Your going to have to disconnect the supply and drain lines to tile properly...unless you are using 1x1 tiles. Use a car jack and carefully lift the front of the tub an inch to tile under the legs, a few days later tile the back legs. A little slow but saves moving a 300 - 400 lb tub.


----------



## cooks (Feb 7, 2008)

sell the customer on pulling the tub and put it in another room and have it refinished while you are doing the tile work. then put it back in the bathroom and reconnect. that way you are selling the tile and the tub refinish without buildind a frame around the tub.


----------



## wink (Aug 2, 2006)

can you sell here on designing the room around the period of the tub, she would still get a new bathroom, just styled so it will show off here tub.


----------



## Milhaus (Feb 11, 2007)

Great ideas. I know a company here in town that may refinish it. 

Then just set it back in on top of the tile? There are no legs so it would just sit as it is. I've talked with my tile guy about this. He said there is a specific mortar to use for this, as well as a porcelain tile that could withstand the weight. 

mark


----------



## cooks (Feb 7, 2008)

if you are worried about the weight of the tub then trace around it before you remove it and then have your tile guy cut the tile around your draw line. then you dont have to worry about the tile cracking from the weight of the tub and filled with water


----------



## Milhaus (Feb 11, 2007)

I could but I don't think it will look that good. I'd rather take the risk of a tile cracking under the weight.

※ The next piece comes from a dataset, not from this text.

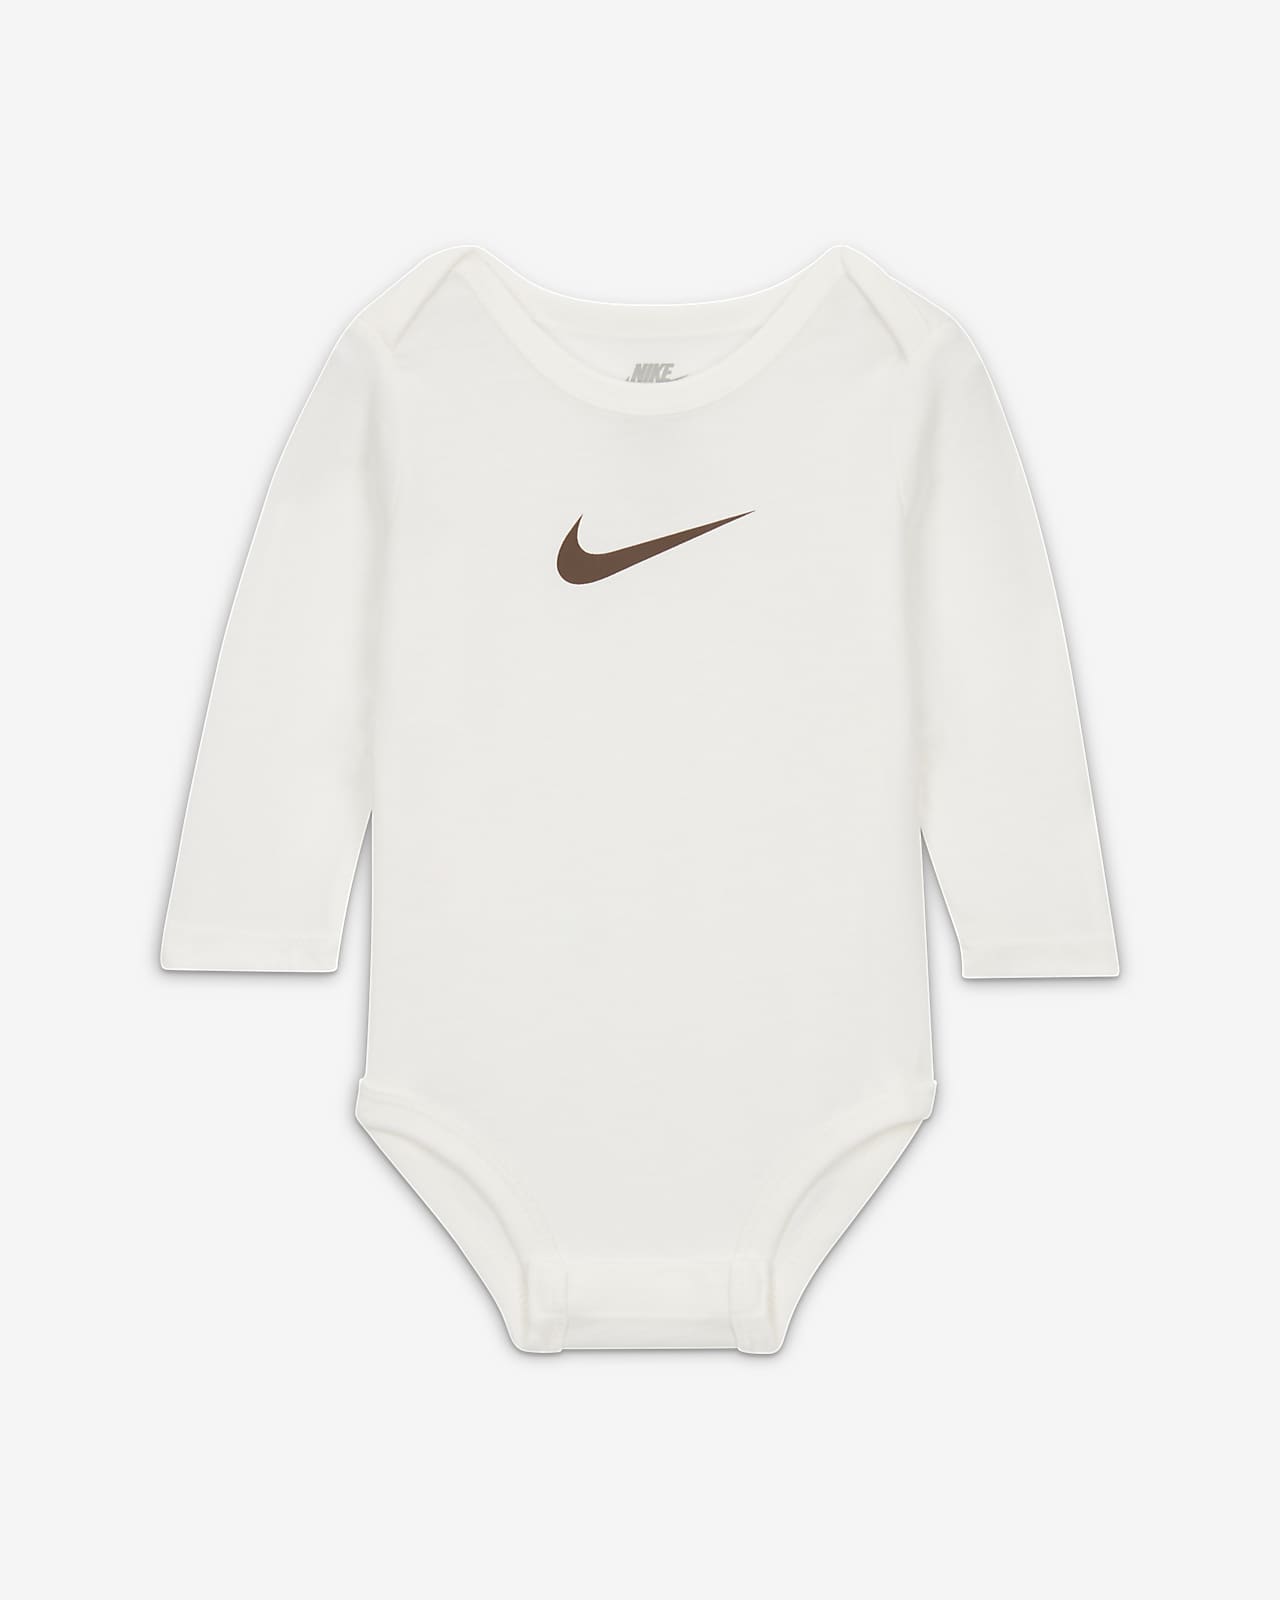 Nike E1D1 3-Pack Baby Bodysuit Bodysuits Pack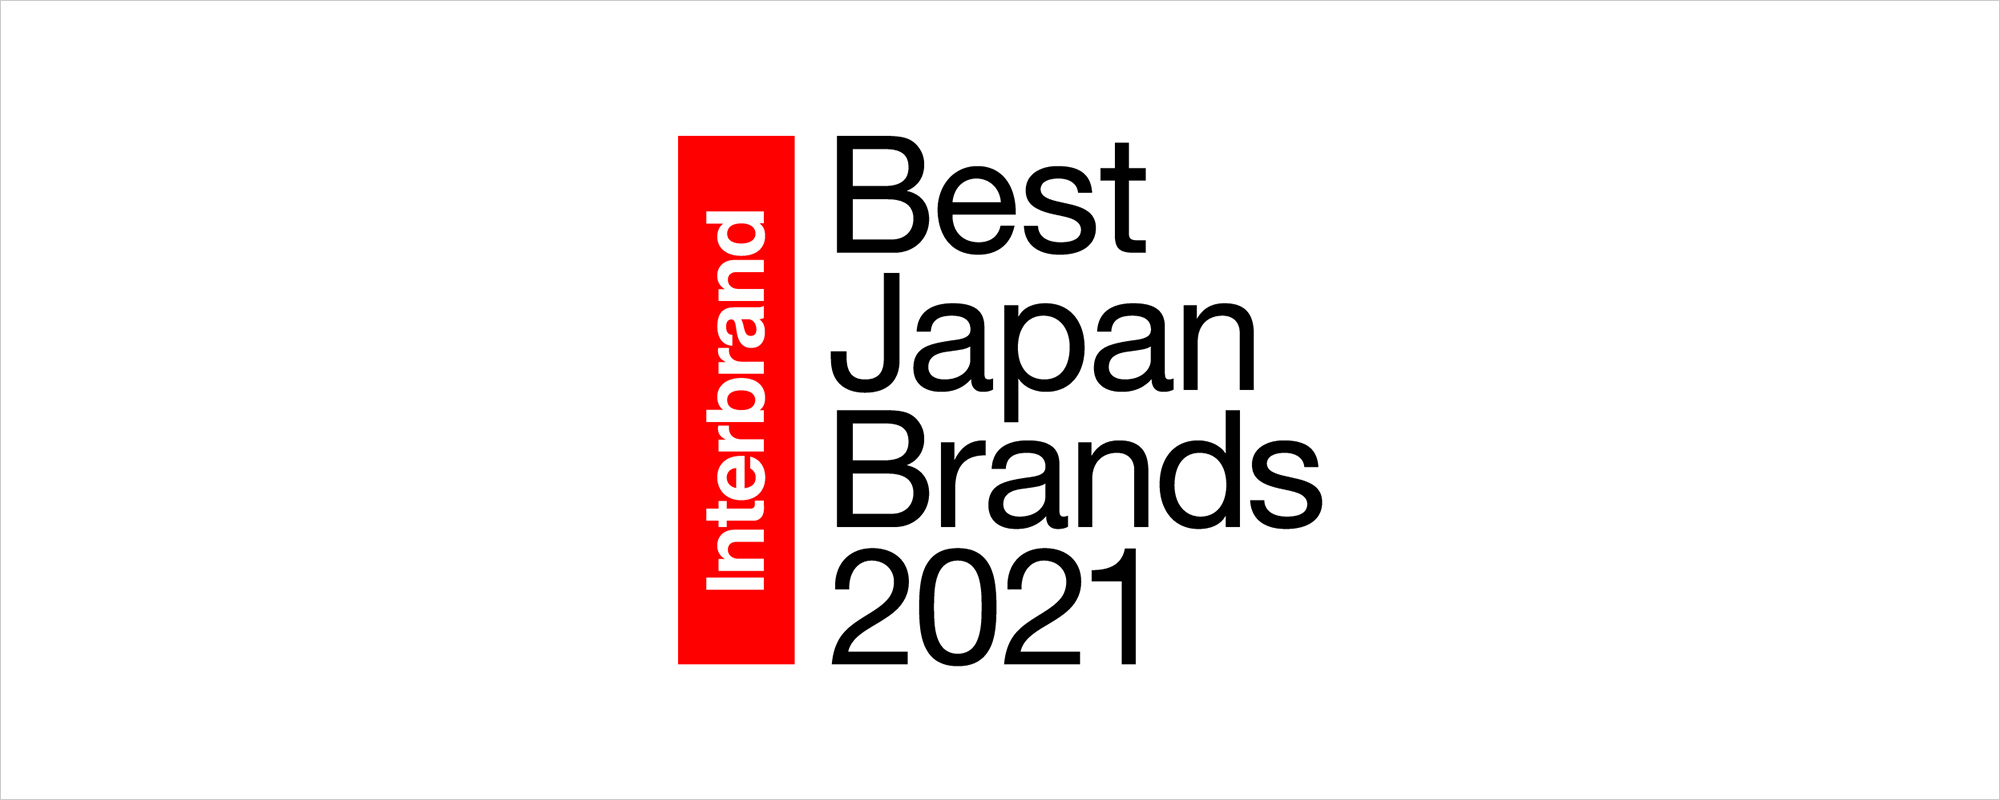 [ 画像 ] 「Best Japan Brands 2021」で「ヤマハ」ブランドが30位に上昇

It would still be continuous across the floor. 

mark


----------



## cooks (Feb 7, 2008)

go for it. like you said use a good tile and be confident in the tile guy.(thats what he gets paid for).


----------



## masterk (Dec 29, 2007)

The tile should but up tight to the tub. This will help lock the tub in place.


----------



## hammerwhipped (Oct 19, 2007)

Purchase some legs from asalvage yard. this will make it more authentic and make the drain hookup alot easier if you don't have access below the tub.


----------



## Slovlik (Mar 13, 2008)

Done this january.


----------